Christophe Roquilly avait émis des réserves sur ce groupement dans une interview donnée à Décideurs : « jusqu’à quel degré pourront-ils se fédérer ? Il y a entre eux une importante concurrence. Jusqu’où peut-on chasser en meute ? »
On peut aussi rappeler l’existence de l’association AvoTech, regroupant des avocats ayant créé une start-up liée au secteur juridique, et dont le nombre de membres est passé de 10 à 50 en 3 ans.
Fabrizio Papa Techera, directeur général délégué de Lexbase et membre de la taskforce, souligne lors du webinar qu’elle réunit des offres très diverses et pouvant utilement se compléter pour apporter de la plus-value aux clients.
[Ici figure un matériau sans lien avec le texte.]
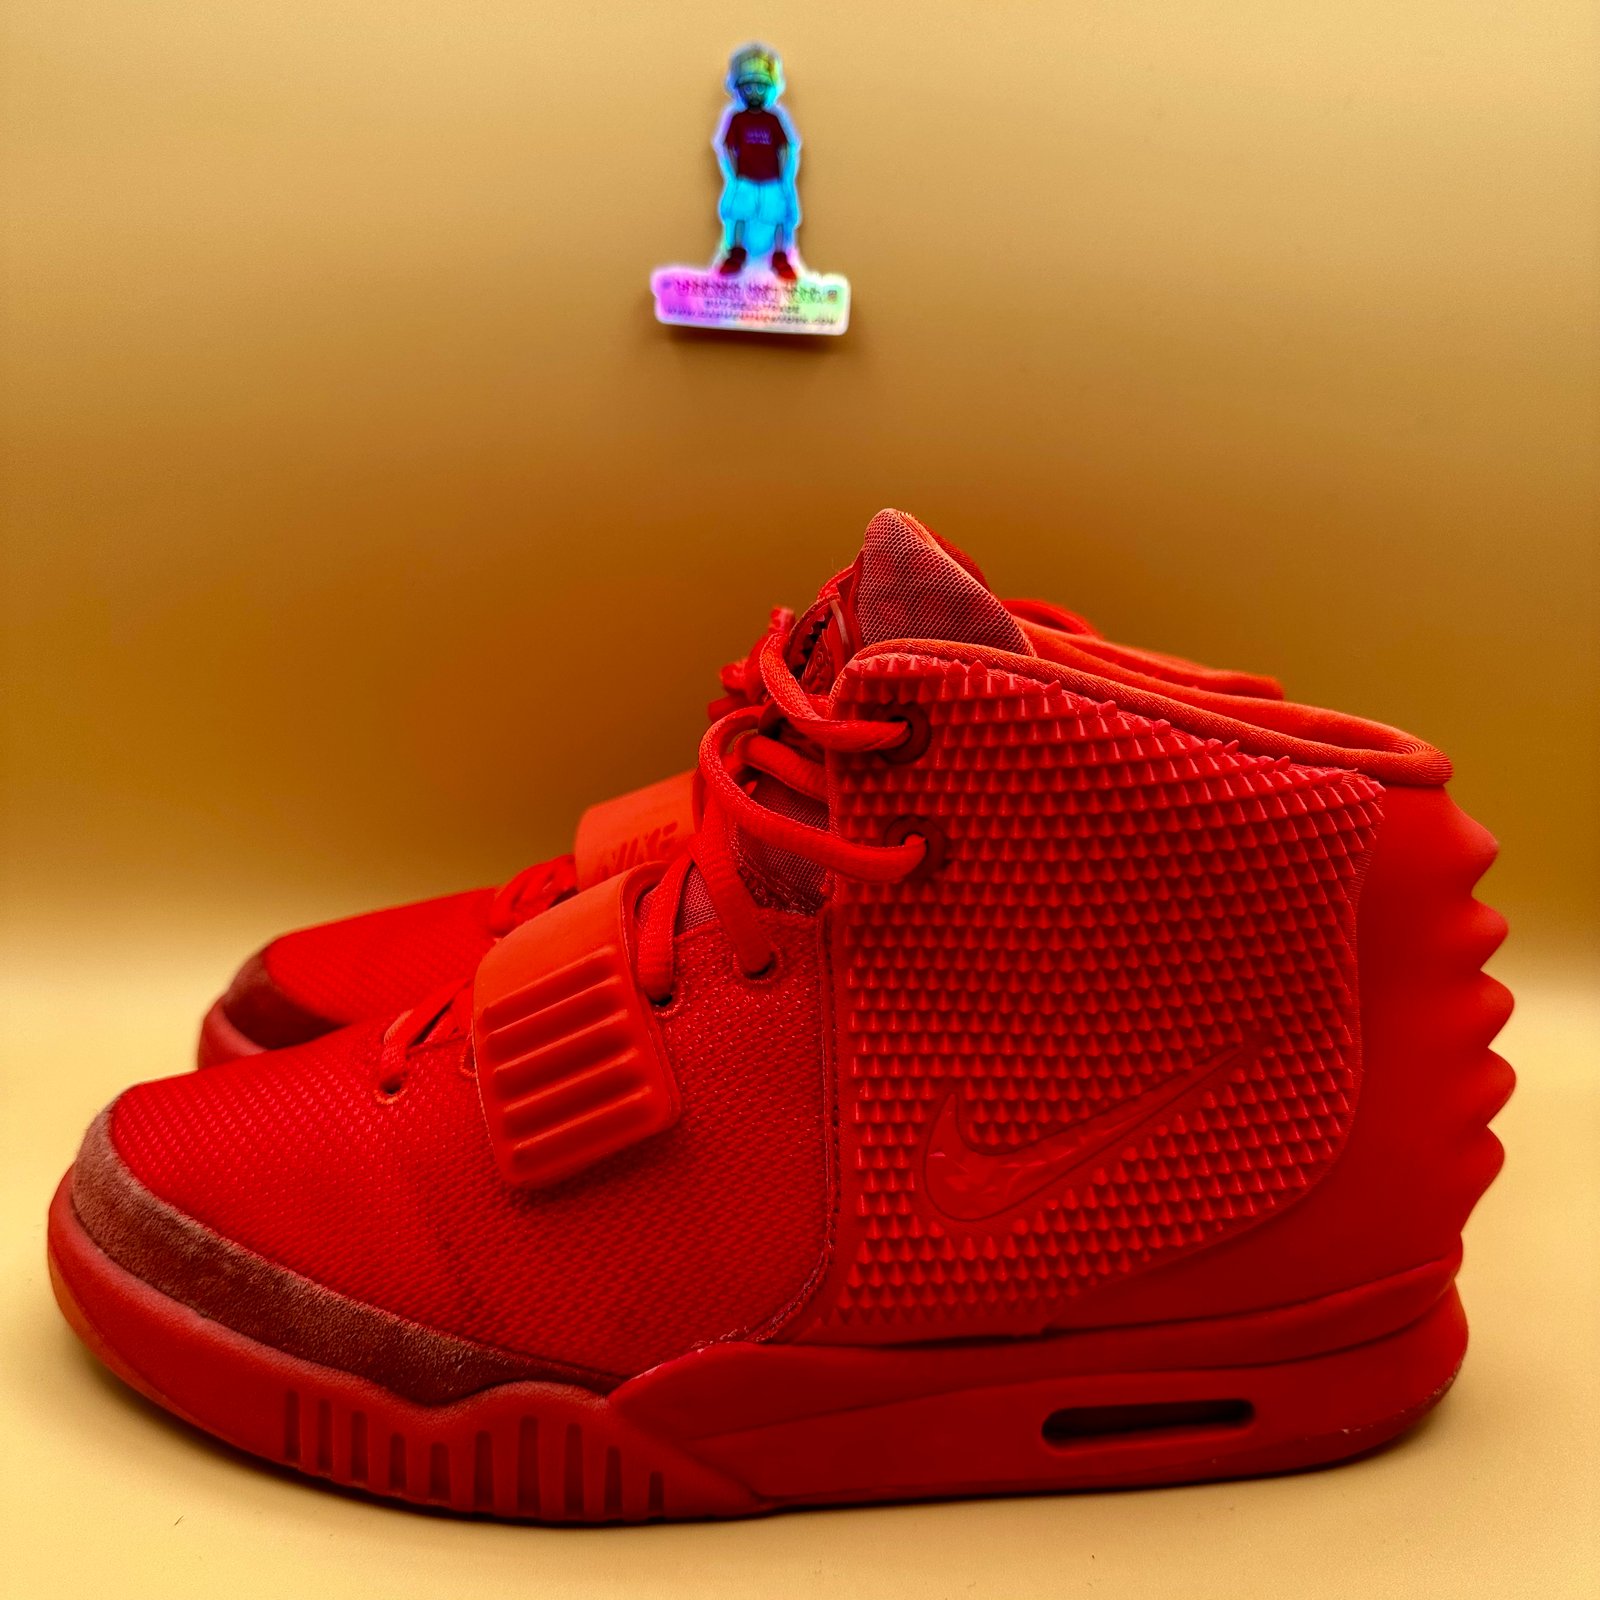 brush Unmanned Anyone 2014 Nike Air Yeezy 2 “RED OCTOBER” (9.5M) | Garment New York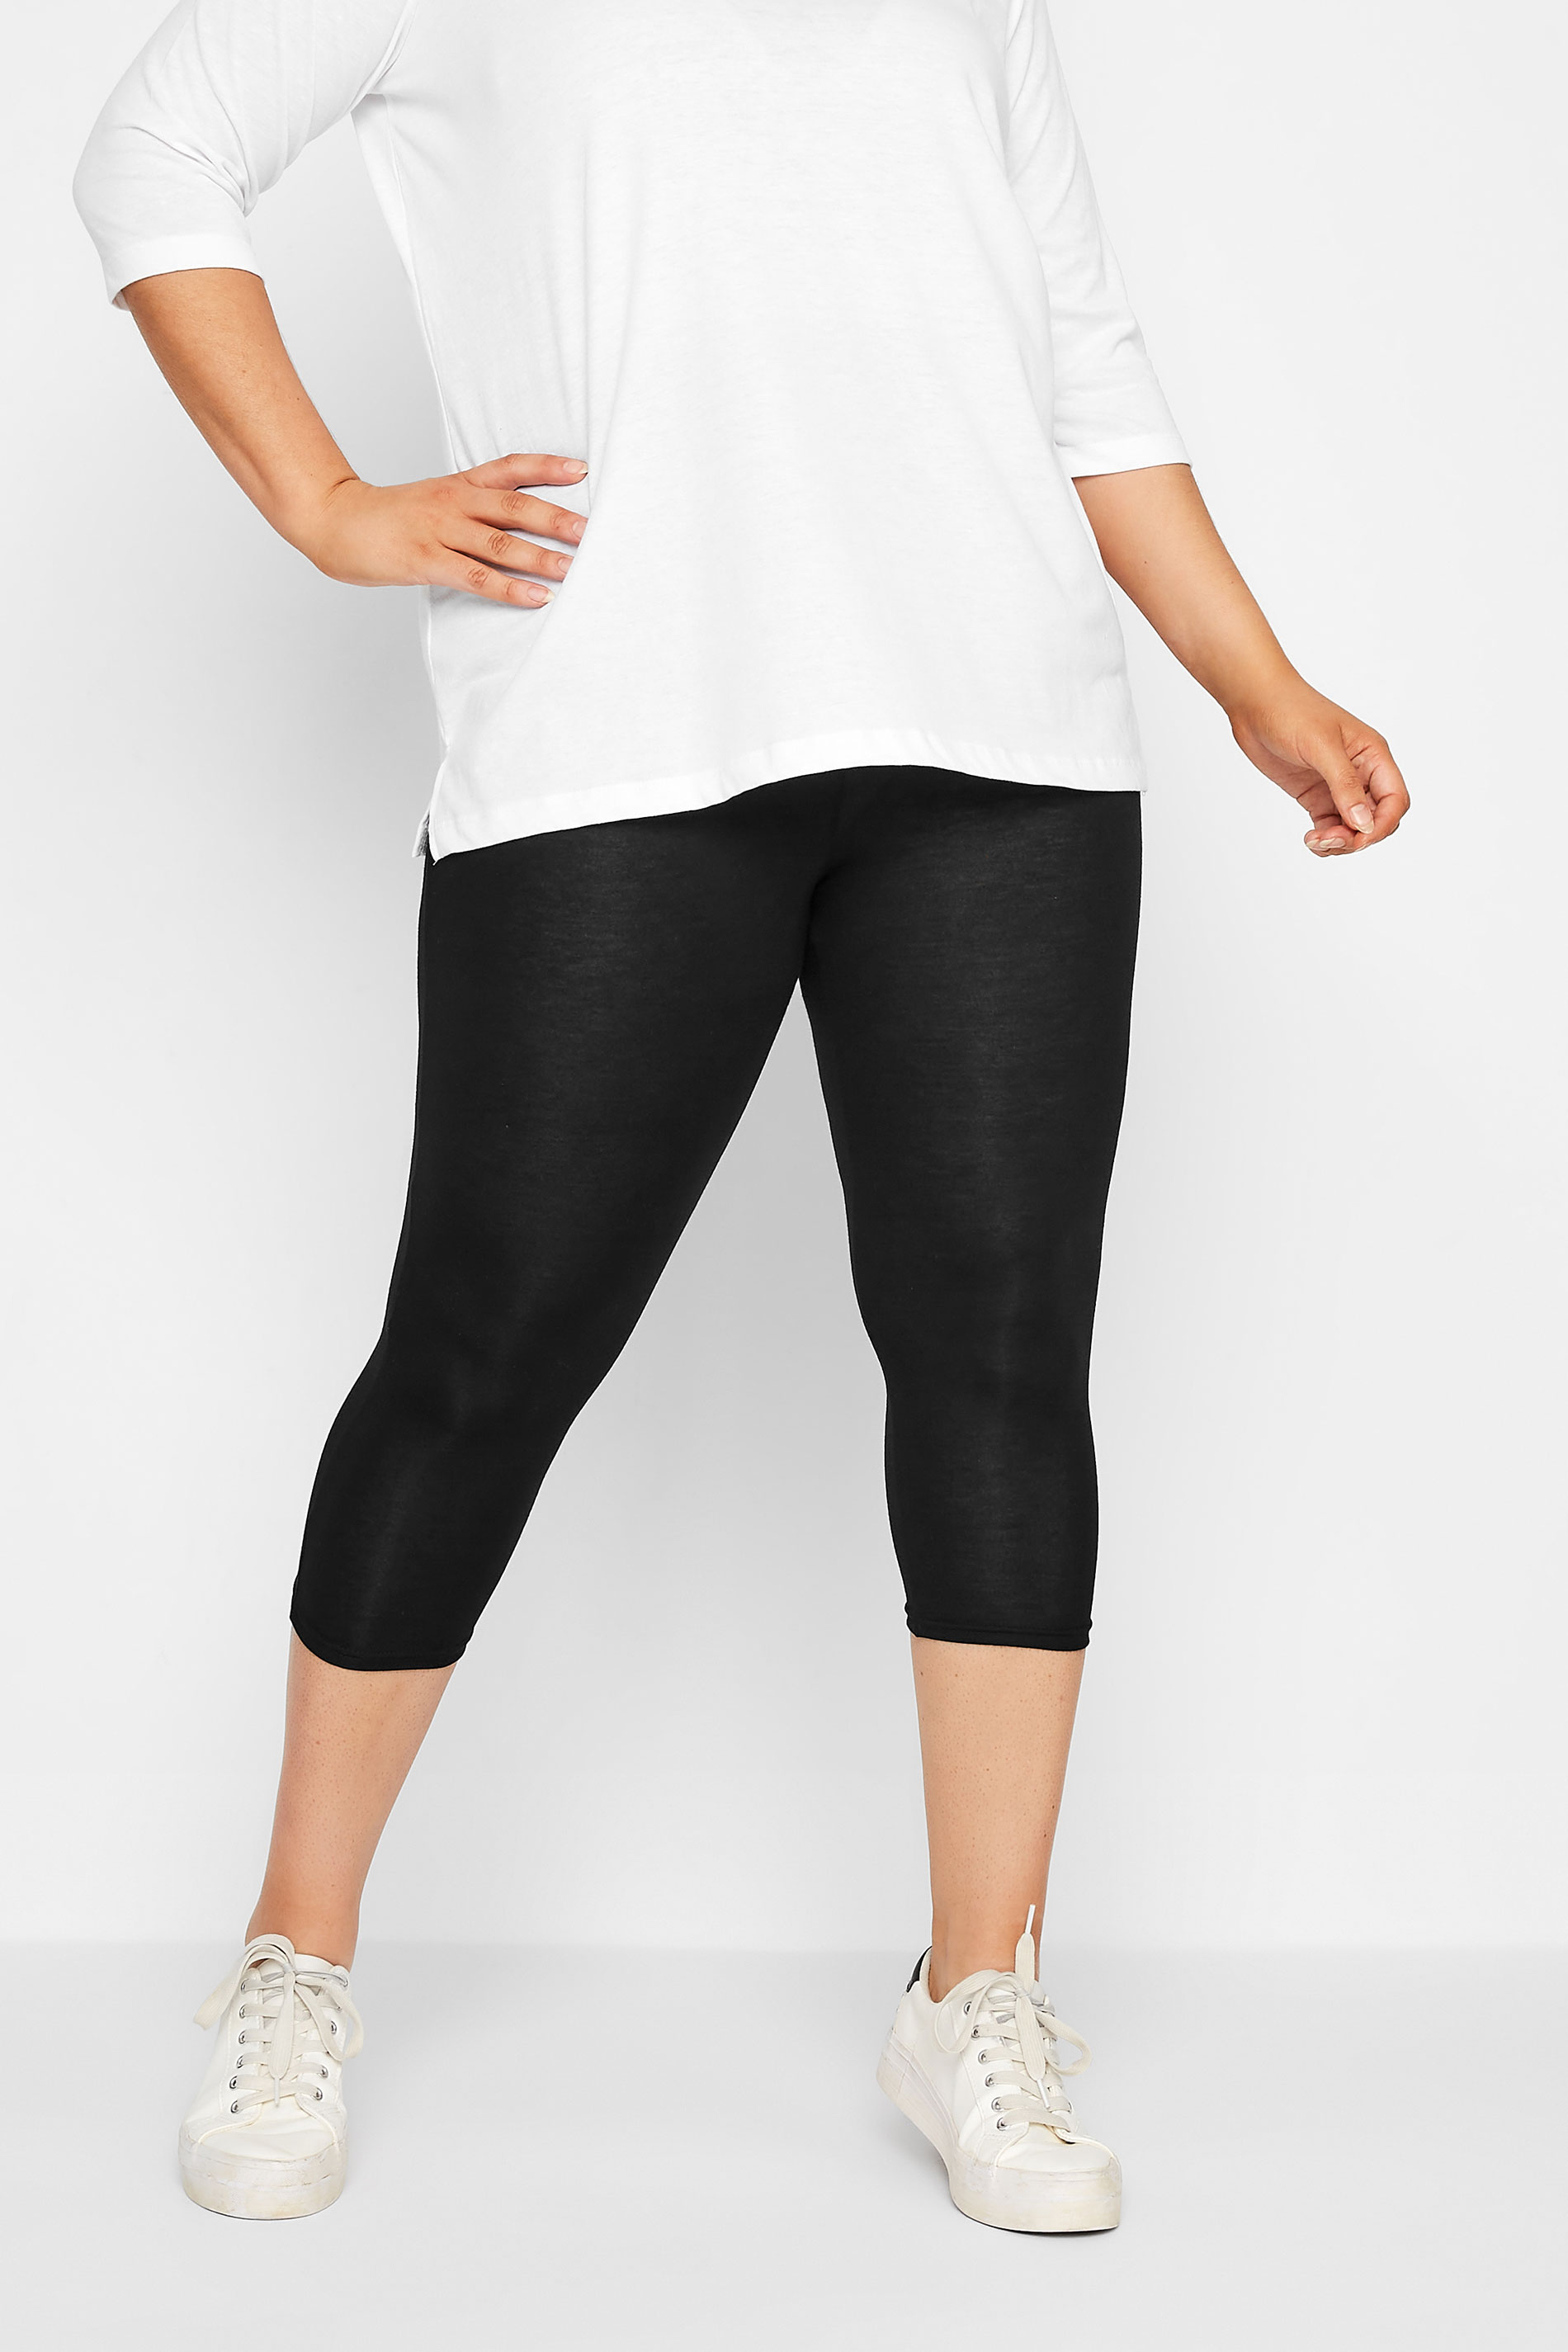 Plus Size Black Cropped Leggings | Yours Clothing 1

Les start-ups ont de nombreux points communs et peuvent rapidement être interopérables, preuve en est du projet registregeneral.com, fruit notamment de l’alliance de Séraphin, easyquorum et deepblock.
Dans une interview à LJA, Grégoire Debit, CEO de Closda quant à lui émis des prédictions plus précises sur l’avenir du secteur : « la France compte actuellement 250 legaltechs. C’est en volume ledeuxième marché au monde. Ce chiffre devrait décroître et la tendance serait plutôt à l’association des acteurs les plus performants par secteur d’activité. L’objectif est d’acquérir une plus grande solidité économique et d’offrir aux clients une offre de service complète et interopérable. Avocats et directeurs juridiques sont favorables à ces associations car la multiplication des outils est souvent présentée comme un obstacle engendrant des difficultés d’adoption et des coûts supplémentaires. Il est donc nécessaire d’intégrer au sein d’une poignée de logiciels l’ensemble des outils répondant aux besoins essentiels d’une pratique juridique.»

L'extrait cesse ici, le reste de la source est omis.